## SOURCE DATA
Content starts

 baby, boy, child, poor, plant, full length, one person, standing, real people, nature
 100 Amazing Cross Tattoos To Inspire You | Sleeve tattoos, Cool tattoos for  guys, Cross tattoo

Content ends
Content starts

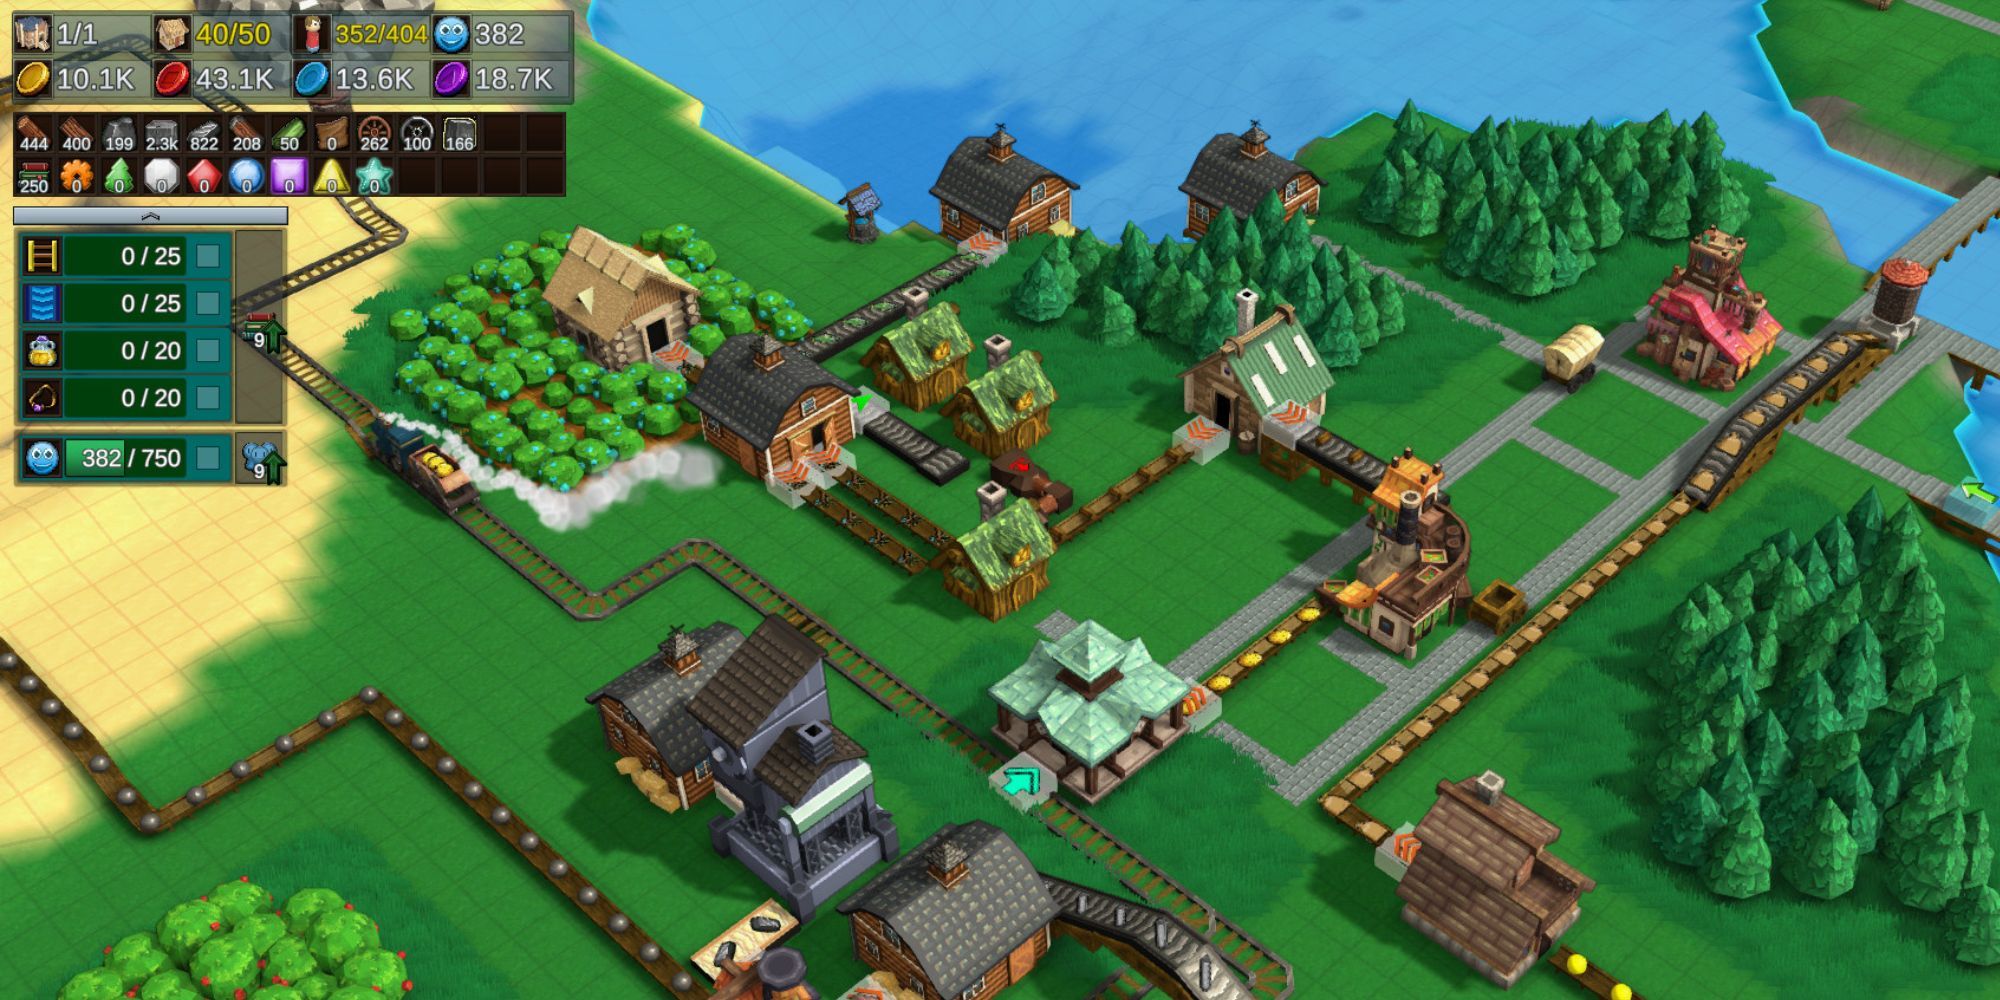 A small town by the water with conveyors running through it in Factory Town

Content ends

## PROBLEM DETAILS
From the records above, copy out the line with "baby, boy, child, poor, plant, full", the line with "100 Amazing Cross", and every line between them, word for word.

## TASK RESULT
 baby, boy, child, poor, plant, full length, one person, standing, real people, nature
 100 Amazing Cross Tattoos To Inspire You | Sleeve tattoos, Cool tattoos for  guys, Cross tattoo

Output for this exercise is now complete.